The dinosaurs have saved her but they’ve also saved her for a reason: the dinosaurs are back and ready to take back the planet!

“I stretch forth my arms to the mighty creatures that surround me. I feel their strength, their power, their harmony. I am one with them, and they with me. The Great Race has returned, and I am its priestess. Let the hairy ones tremble!”

‘Our Lady of the Sauropods’ Silverberg, Robert The Palace at Midnight: The Collected Stories Volume 5 . Orion. Kindle Edition.

Aside from it having a woman protagonist who also enacts a bloody revenge against a shitty colleague, this is the most pro-dinosaur of all the stories so far. There has been a conceptual shift in portrait of dinosaurs from out-dated lumbering and stupid monsters who were replaced by smarter, better mammals to creatures that are smart and swift and whose reign over Earth was unjustly curtailed by happenstance.

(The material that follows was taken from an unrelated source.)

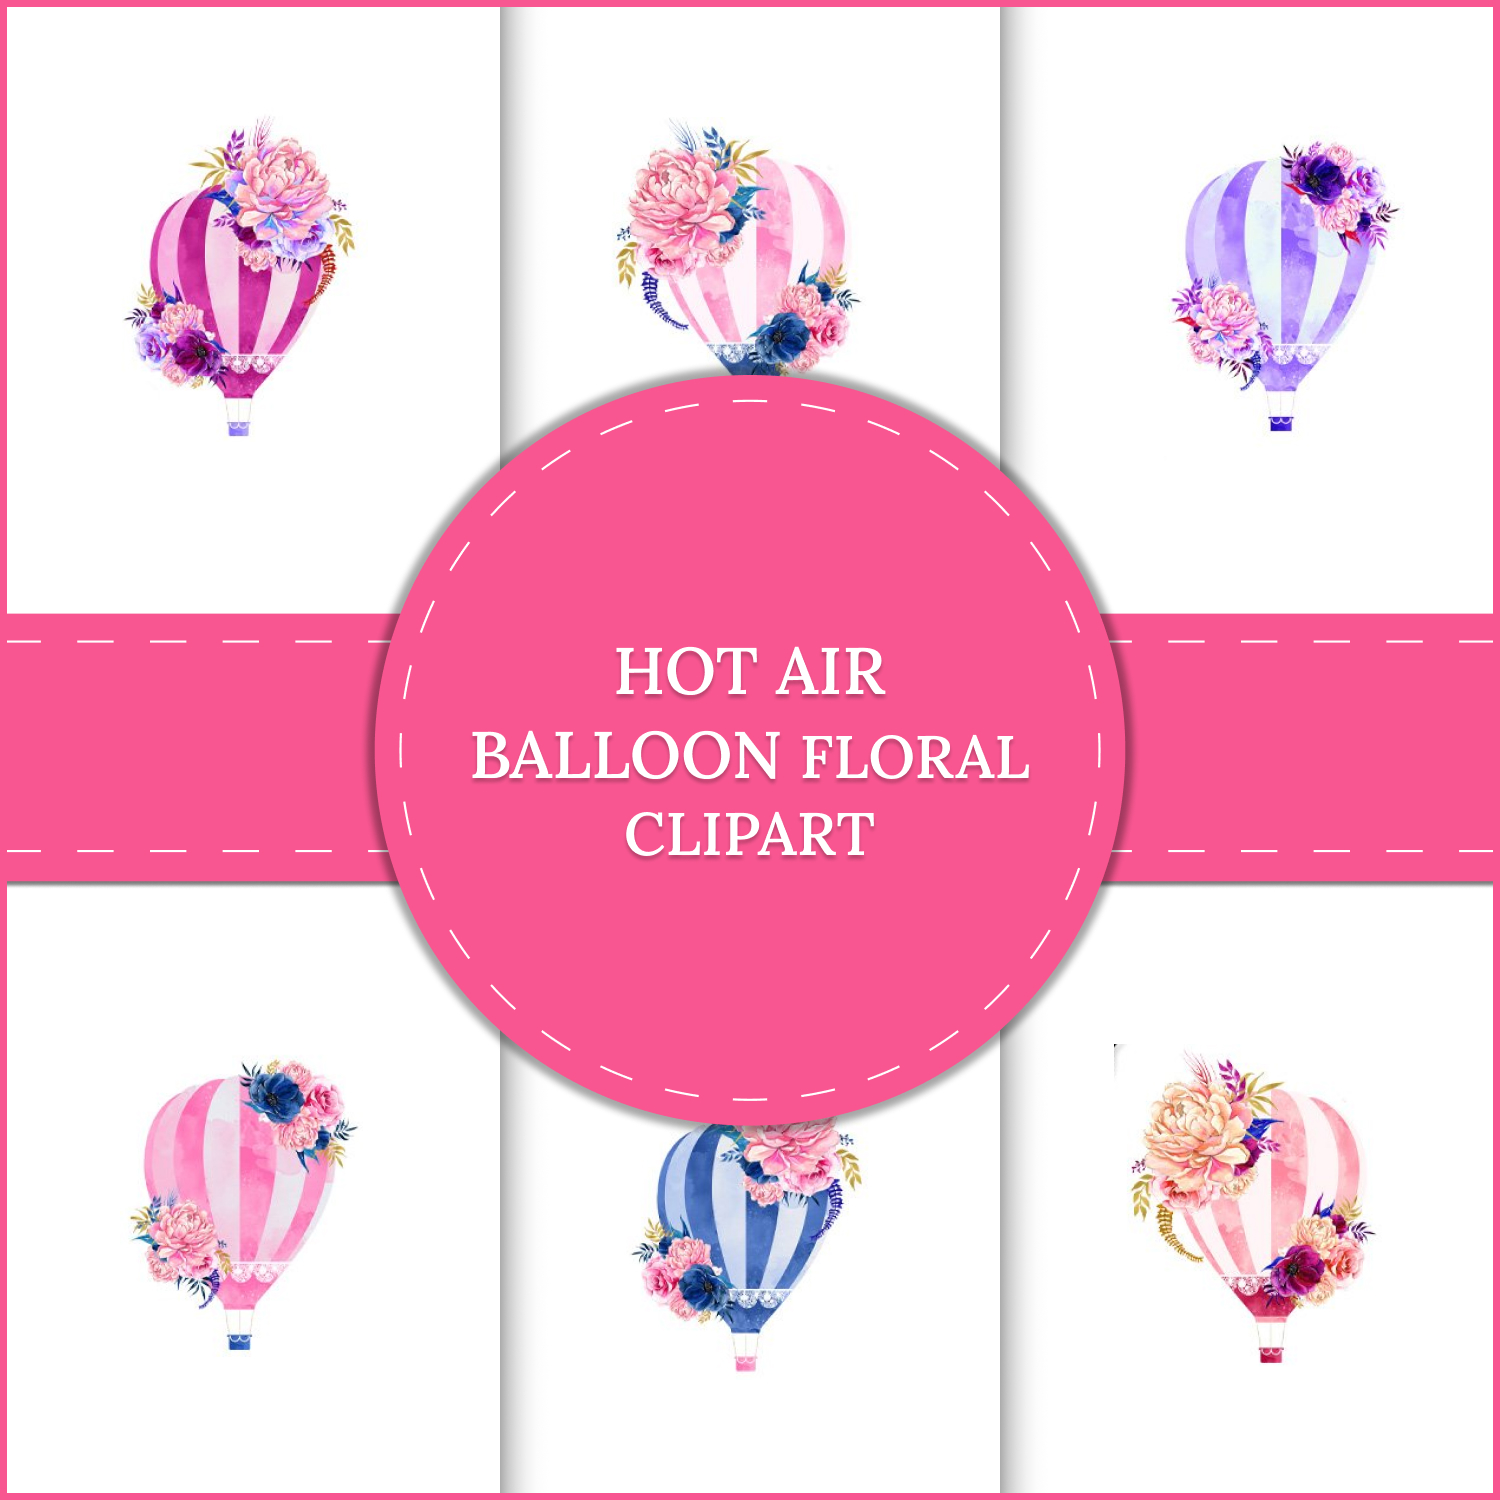 Hot Air Balloon Floral Clipart.

Having said that, this connection of ideas between dinosaurs and revolution isn’t wholly new. It is there in the second part of A Case of Conscience and even in the various hunters-shooting-dinosaur stories there is a trope of a dinosaur killing over entitled idiots.

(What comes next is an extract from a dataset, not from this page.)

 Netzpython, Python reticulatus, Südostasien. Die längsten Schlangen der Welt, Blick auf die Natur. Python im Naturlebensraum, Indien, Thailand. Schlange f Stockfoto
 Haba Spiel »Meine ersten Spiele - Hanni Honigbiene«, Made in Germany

I can’t say this is connection that I would have thought of prior to starting this project and yet dinosaurs and revolution is something that we will meet some more times before we are done.

Rex mortuus est, vivat T-rex

Next time, a dinosaur story with no dinosaurs in it: Dinosaurs by Walter John Williams

*[Actually I’ve never seen the movie version of Lathe of Heaven]

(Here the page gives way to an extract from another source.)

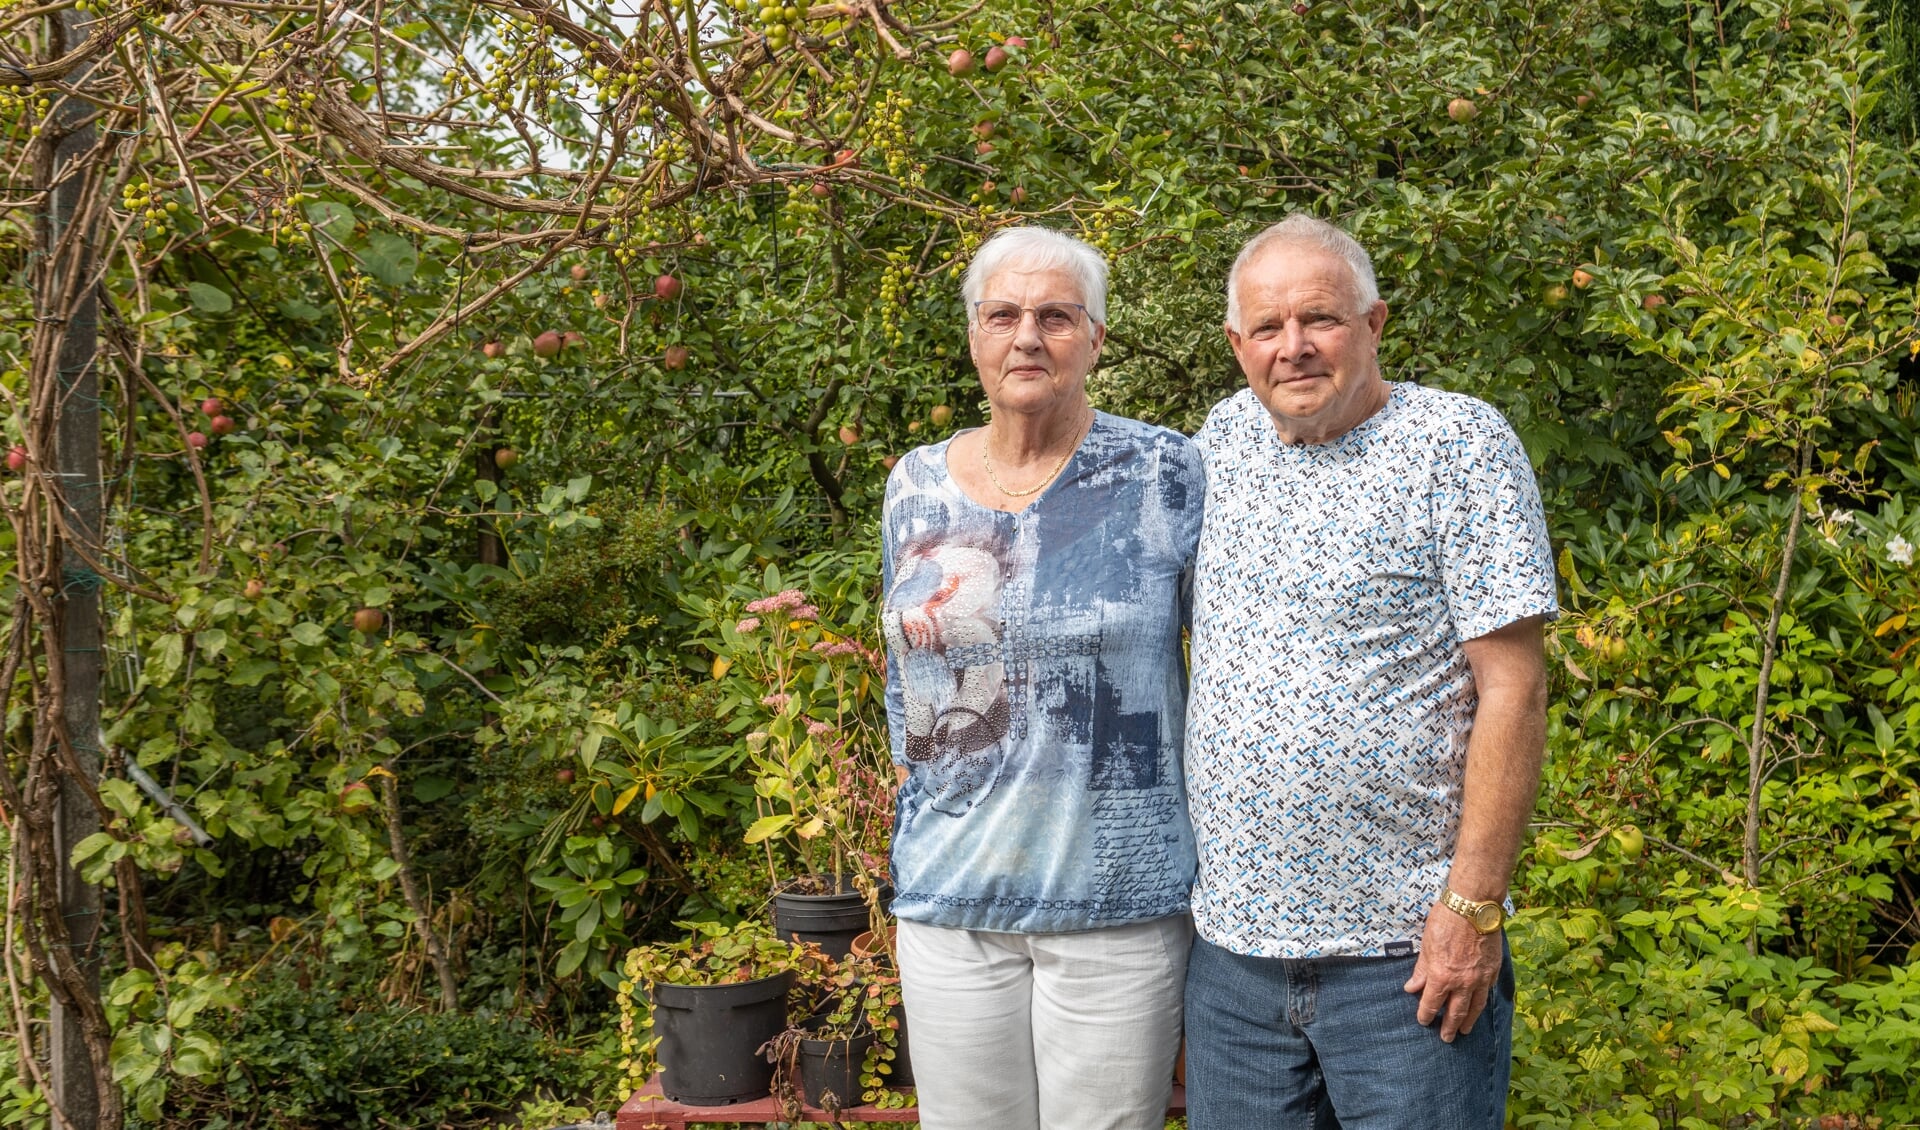 Sievert en Mennie Boekhold vieren dat ze al 60 jaar getrouwd zijn. (foto: André Dümmer)

5 responses to “Hugosauriad 3.2: Our Lady of the Sauropods by Robert Silverberg”

  1. The 1980 Lathe of Heaven is good, though annoyingly unclear in spots. The 2002 version is much less effective and takes more liberties with the script so it’s more of a love story.

    Liked by 2 people

  2. If Silverberg had been Ellison, he’d have sued Crichton. D

    I’ve seen the 2002 movie Lathe of Heaven, and it’s really, reaaaaally bad. But I think a lot of that has to do with Lukas Haas’ inability to act his way out of a paper bag. I hadn’t seen the 1980 version before. It’s very trippy! Lots of psychedelic imagery. I’ll bet people used to take drugs before watching it, back in the day.

    Interestingly, Ed Emshwiller was the Visual Consultant, and Peter Emshwiller was his assistant.

    Liked by 1 person

    • //If Silverberg had been Ellison, he’d have sued Crichton. D//

      There are nuttier examples of people suing and also of films pre-emptively getting the rights to works because of similarities.